Horse racing chalks up some wins
Horse racing chalks up some winsPublished October 30, 2017
Horse racing has had a run of good luck, including record thoroughbred sales numbers, and an increase in wagering dollars, just in time for its annual championship event.
Additionally, serious horse players may avoid paying taxes on most high-paying exotic wagers made at this year’s Breeders’ Cup, to be run Friday and Saturday at Del Mar Thoroughbred Club in the San Diego area.
Wagering on horse races in the U.S. totaled $8.51 billion through the third quarter of this year, up 1.3 percent over last year, according to Equibase, the industry database owned by The Jockey Club. Wagering, or handle, is on track to be up for the third year in a row, according to Equibase numbers.

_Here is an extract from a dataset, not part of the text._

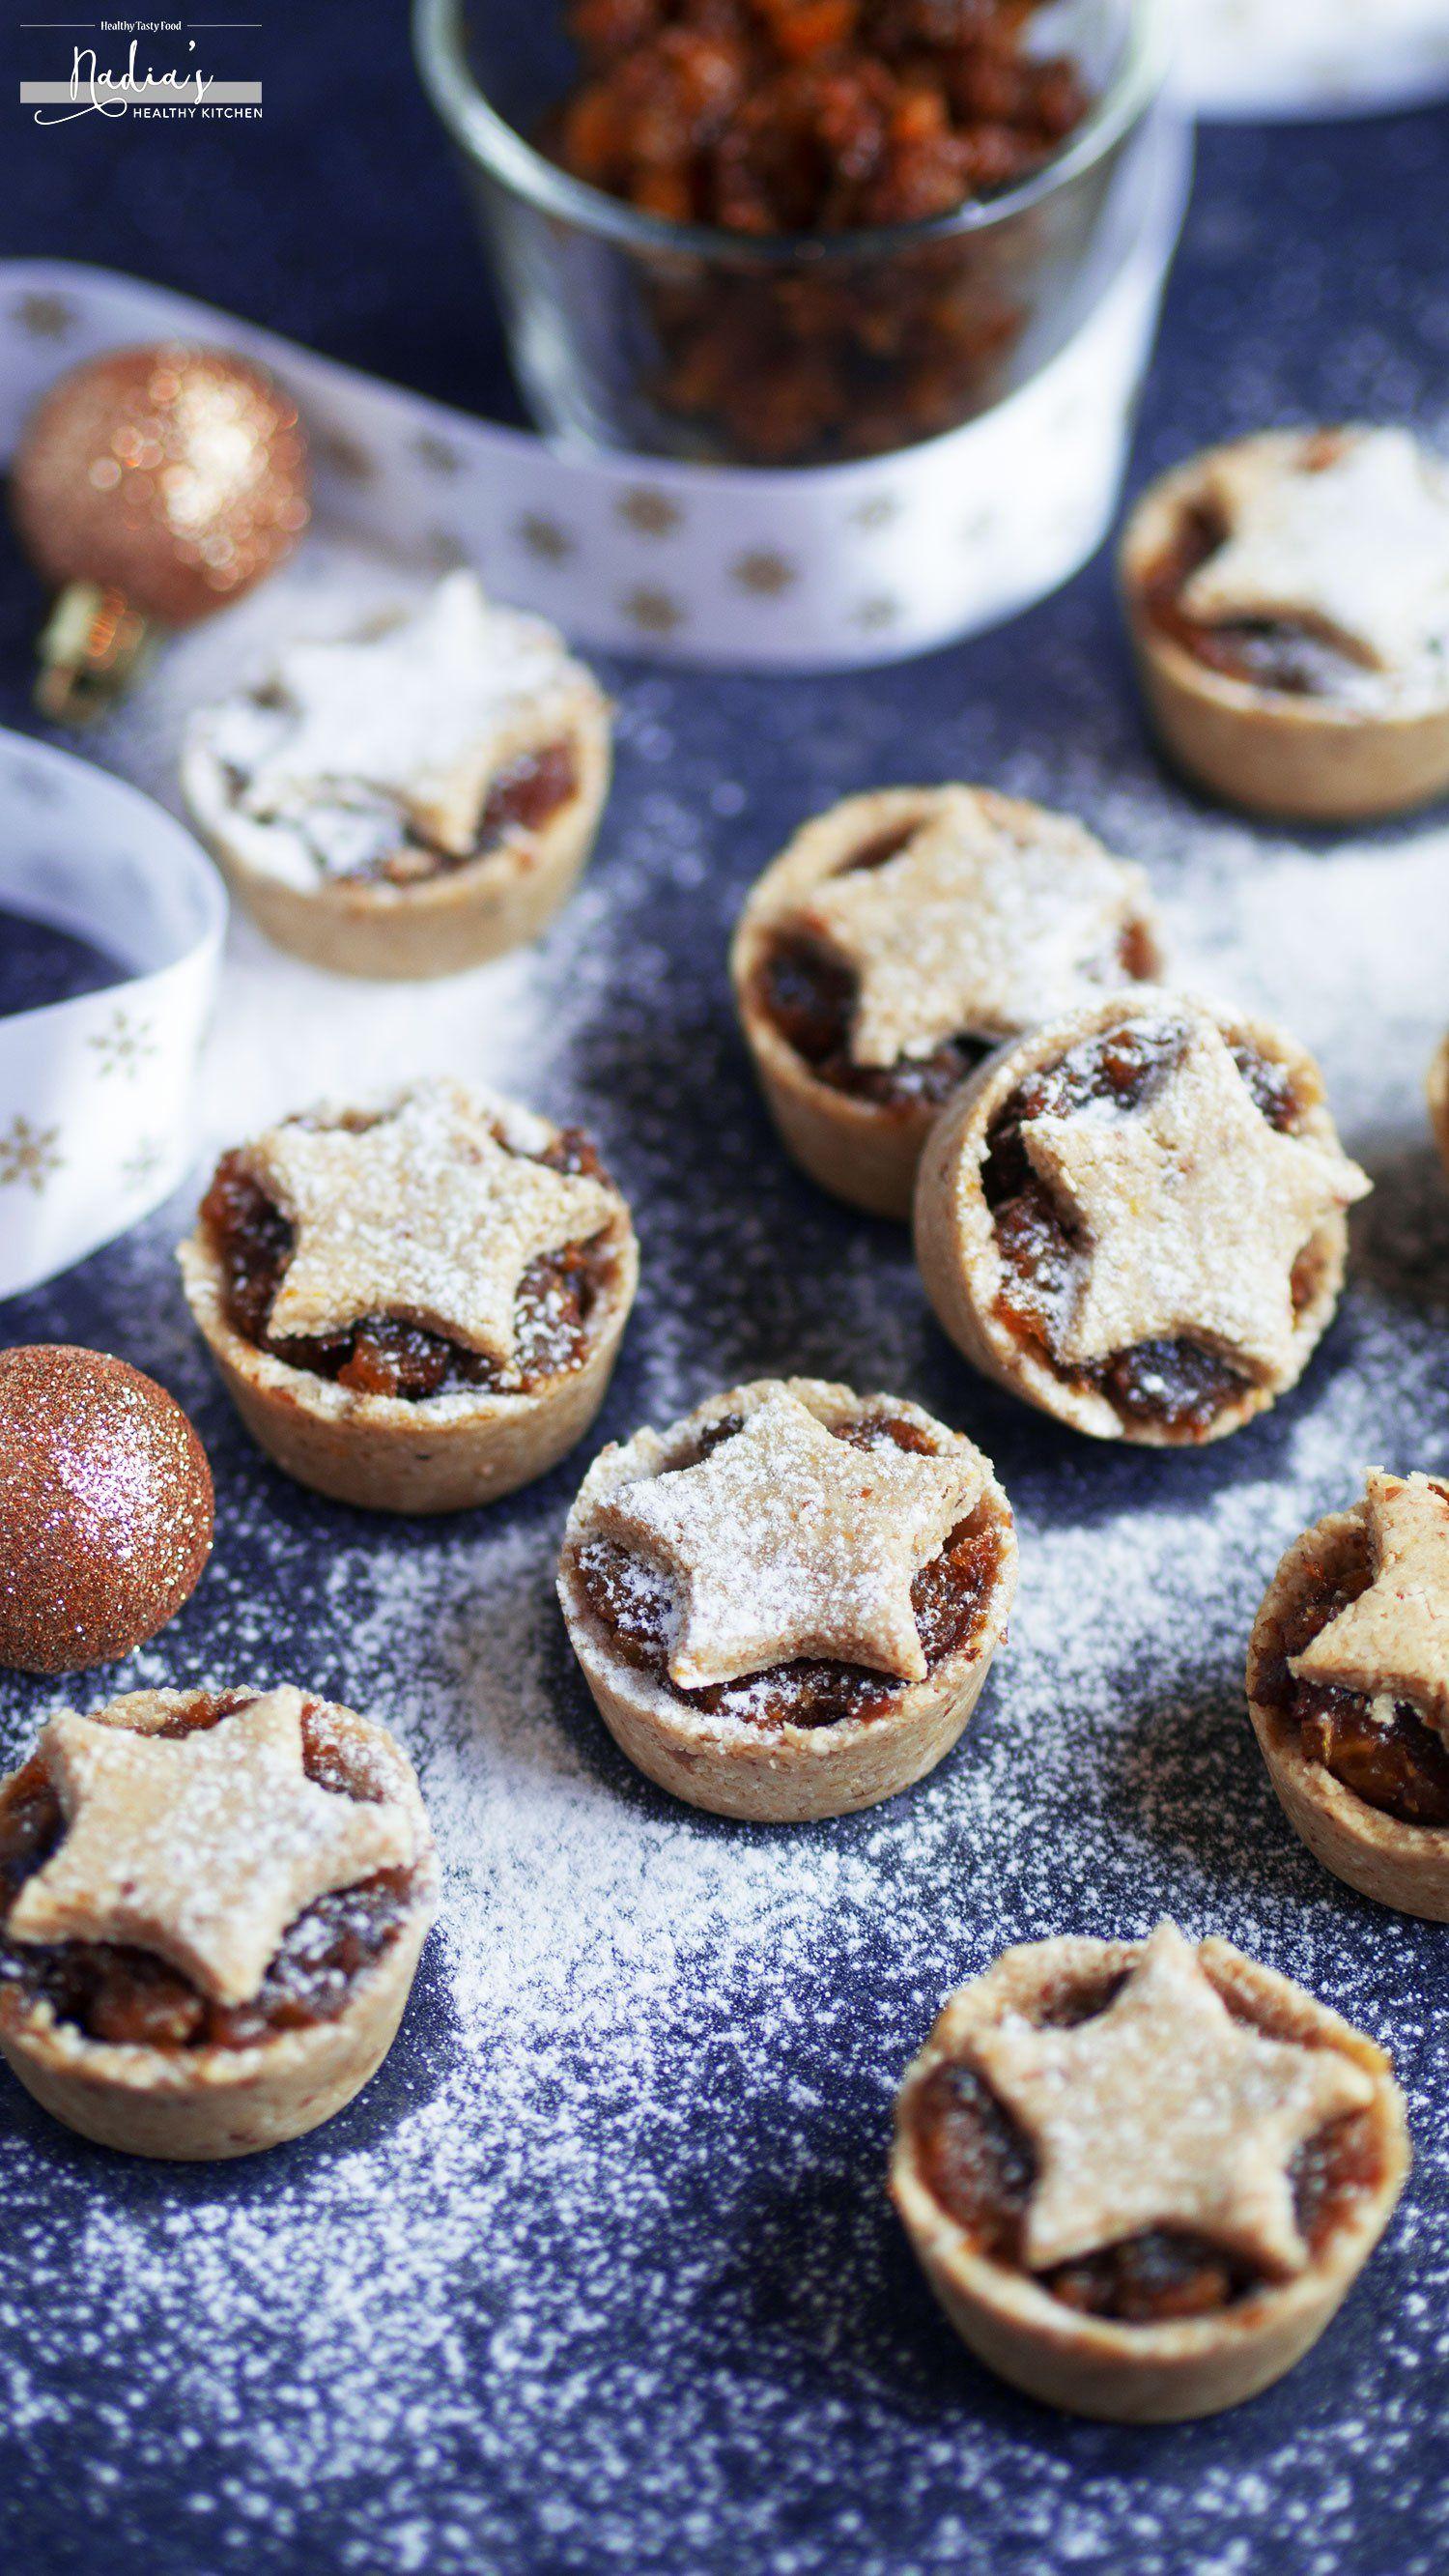 Raw mince pies recipe vegan gluten free this is my first raw mince pies recipe vegan gluten free this is my first christmas recipe forumfinder Images

Total wagering last year was $10.74 billion and has been between $10.5 billion and $11 billion since 2011 in the United States. The 2016 number is down nearly 30 percent from its peak of $15.18 billion in 2003.
“Things have flattened out in the last couple of years,” said Steven Crist, former editor and CEO of The Daily Racing Form. “And for an industry that was in free fall five to 10 years ago, that’s very good news.”

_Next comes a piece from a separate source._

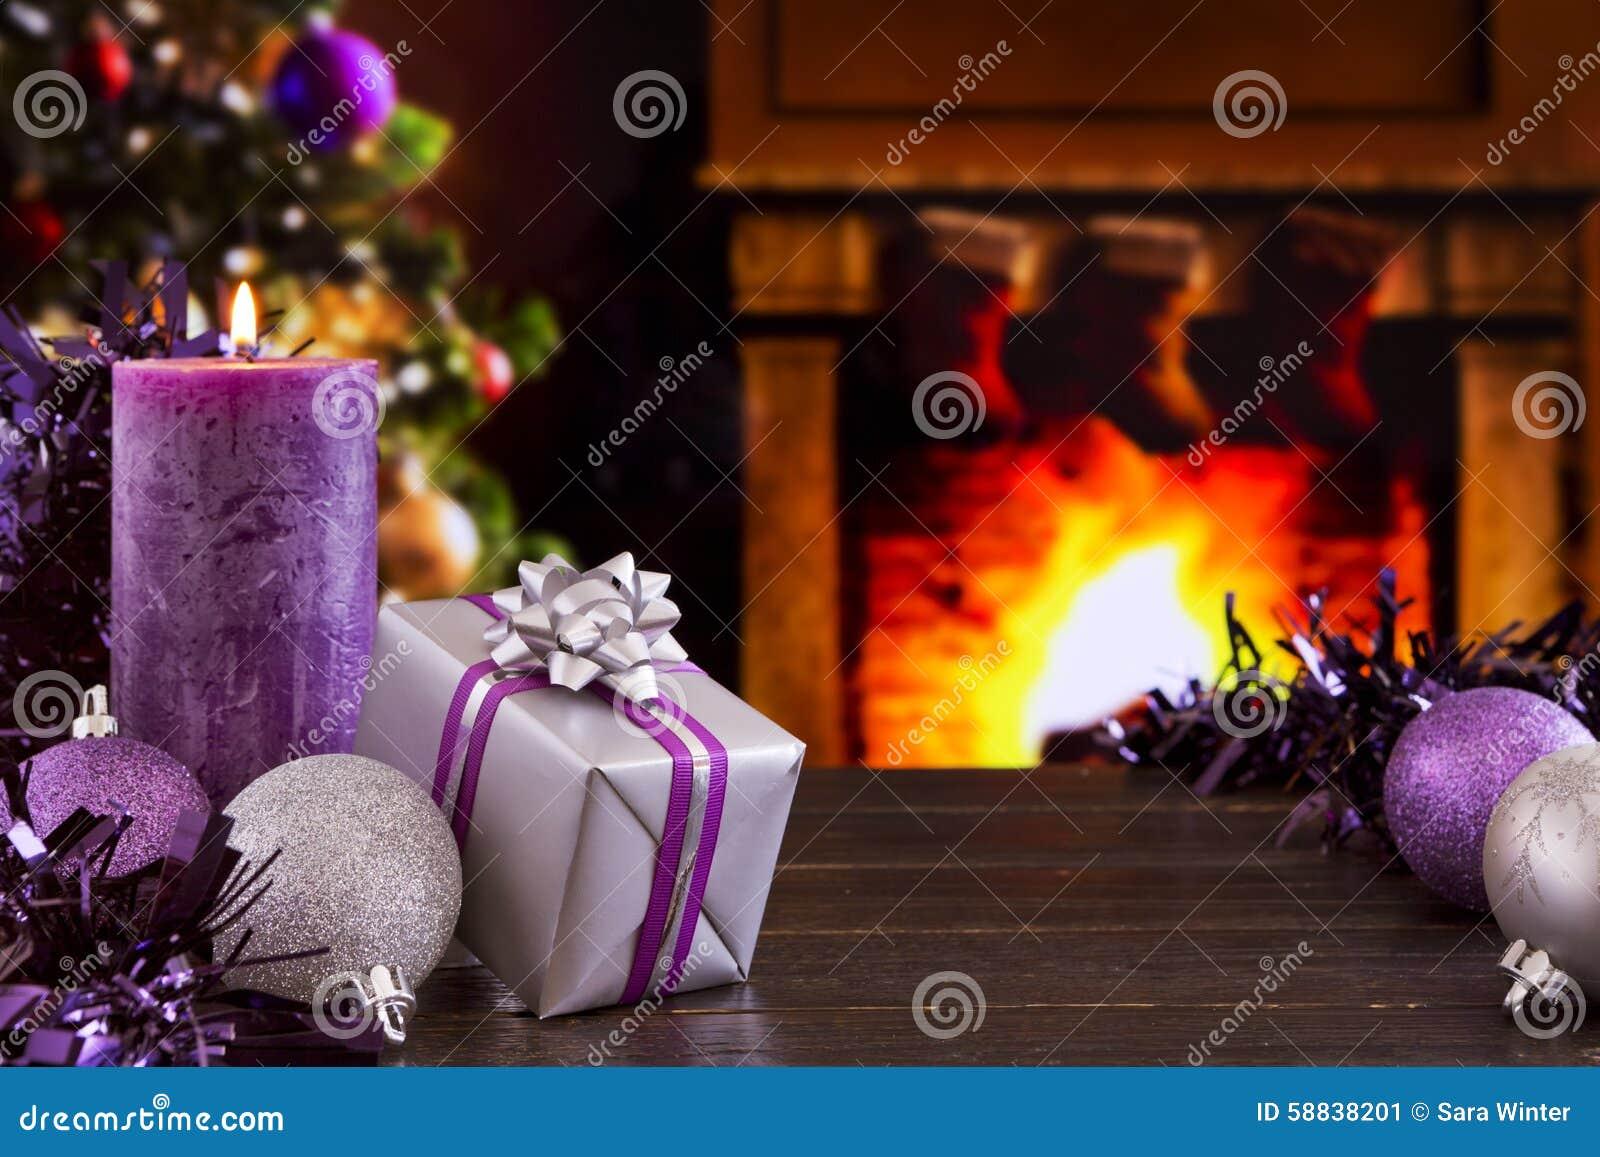 Christmas Scene With Fireplace And Christmas Tree Stock

That enthusiasm in recent weeks has appeared to spread to horse ownership. Kentucky’s Keeneland sold 2,555 yearling thoroughbreds for $307.9 million at its annual September Yearling Sale. It was the first time the sale had topped $300 million since 2008.
The average price as well as the median price of horses sold both set records. The average price was $120,487, breaking the record of $112,427 set in 2006, and the median price was $57,000, beating the mark of $50,000.
“In a way, this foretells the future,” said Bob Elliston, Keeneland vice president of racing and sales. “People are making an investment on horses that haven’t run yet. They are doubling down.”
The horses sold at the Yearling Sale over 12 days in September won’t run until 2018 at the earliest, but Crist expects more good news soon, courtesy of a new rule passed by the Internal Revenue Service and the Treasury Department. The rule, which recently took effect, allows horseplayers to keep more of their winnings on wagers that pay $600 or more at odds of more than 300-to-1.
Studies have shown that horse players will rebet, or “churn,” money they have won, and Crist, who has been lobbying for the change since the 1980s, has speculated that the new rule could add as much as $1 billion to the overall U.S. handle on an annual basis, as horseplayers keep, and then bet, more of their money.
“I certainly can’t say with any confidence, ‘Oh, the handle is going to go up a billion dollars next year,’” Crist said. “But the math suggests if you rechurn the amount of money that was previously being withheld, that it could be an increase in that neighborhood,” he said.
In the few weeks since the rule change, the number of required tax forms being filed at tracks has dropped 97 percent to 99 percent, according to horse racing industry sources, and horseplayers are keeping about 90 percent of the money they would otherwise have to give to the IRS.
The NTRA has been working for 10 years and spent about $2 million to get the rule changed, using the Washington, D.C.-based lobbying firm The Alpine Group, said Alex Waldrop, NTRA CEO.
And the change is noticeable, Waldrop said. He gave an example: Someone who makes a $140 Pick Six bet, picking the winners of six consecutive races, would pay taxes only if the ticket paid $42,000. Previously, that same bettor would have had to report the ticket if it paid $600 or more.
“Horseplayers love it,” Waldrop said.